Мария медленно повернулась, села за обеденный стол и посмотрела на мужа. Тот делал вид, что очень занят разбором пакета. Он даже нашёл в нём консерву со шпротами 1997 года выпуска и теперь читал этикетку с видом археолога, обнаружившего новый вид динозавров.

— Саша, — голос Марии был ровный, почти гипнотически спокойный. — Напомни, сколько ты сказал — она у нас поживёт?

— Ну… месяц, может два. Пока там всё не доделают.

— А она в курсе, что в её квартире ремонт не запланирован? Или это будет неожиданным твистом к Новому году?

— Маша, — вмешалась Ольга Петровна, — зачем ты начинаешь? Я ведь стараюсь. Понимаю, молодым сложно, особенно когда в доме появляется человек со вкусом и опытом. Но поверь, я не из тех, кто вмешивается. Просто надо держать дом в порядке. Я вот сегодня, например, полы в ванной помыла. Там, кстати, в углу была чёрная плесень. Внезапно. Неожиданно, да?

— Мам! — Алексей наконец выпрямился. — Мы же договаривались — никаких резких движений в первый день!

— Так это я не резко. Я из любви. Из заботы.

Мария встала.

— Отлично. Если это любовь, то мне лучше сразу снотворного выпить. Или риэлтору позвонить. Пусть выберет, что быстрее.

— Ты угрожаешь? — Ольга Петровна прищурилась.

— Нет, я тренируюсь выживать. В условиях, максимально приближенных к экстремальным. Как в шоу «Остаться в живых». Только без джунглей и с тёщей в роли вождя племени.

— Свекрови, — поправила она сухо.

— У нас с вами — разные термины. И смыслы.

Алексей понял, что сейчас начнётся Третья мировая. Он попытался вложиться в миротворца:

— Мам, Маш, давайте, ну правда, давайте спокойно. Первый день. Мы же не хотим всё испортить, верно?

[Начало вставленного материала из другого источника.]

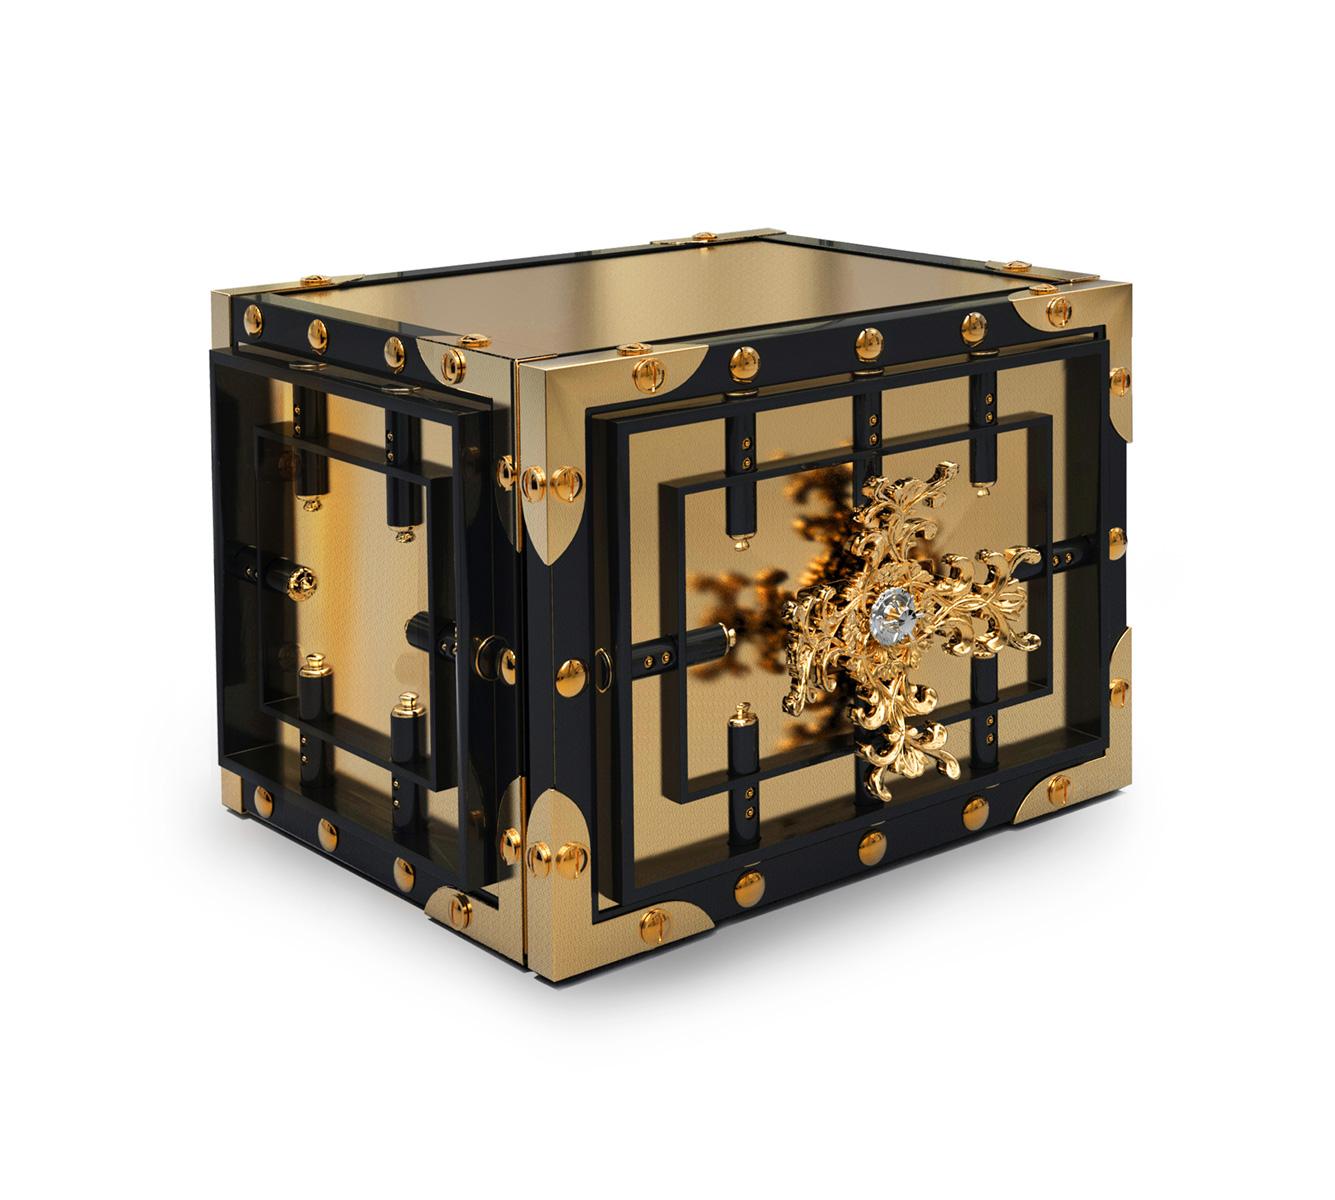 Top 5 Weihnachtsgeschenke für Designfans Weihnachtsgeschenke Top 5 Weihnachtsgeschenke für Designfans knox watch winder zoom
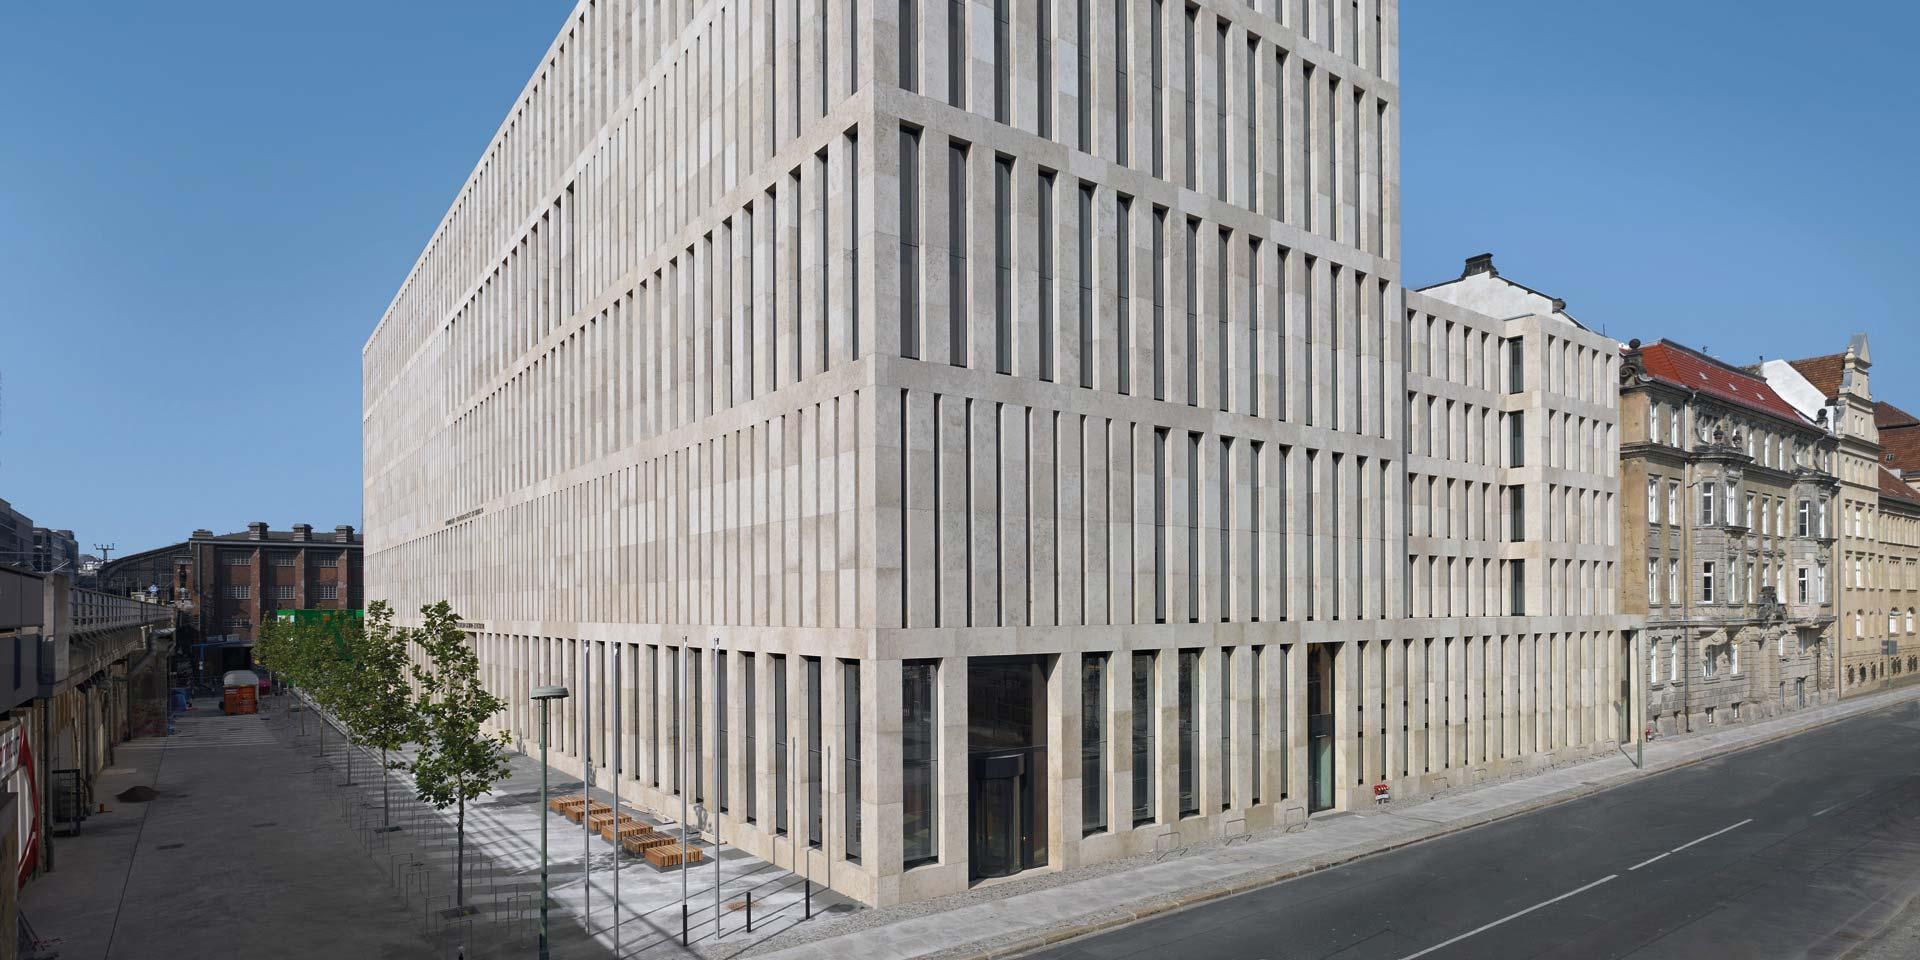 Naturstein Fassade Grimm Bibliothek Berlin

— Я бы не начинала, если бы меня предупредили, — Мария подошла к полке и молча сняла со своего места вазу. — Но раз уж всё решили за меня, я тоже теперь буду принимать решения. В одностороннем порядке.

— Что ты делаешь? — напрягся Саша.

— Освобождаю место. Свекровь будет жить в гостиной? Окей. Но в моей спальне ничего её не должно быть. Ни тапок, ни молитвенников, ни вот этого оранжевого покрывала с тигром.

— О! Покрывало — подарок от Ларисы Сергеевны, моей подруги! — всплеснула руками Ольга Петровна. — У неё, между прочим, сын — кандидат наук!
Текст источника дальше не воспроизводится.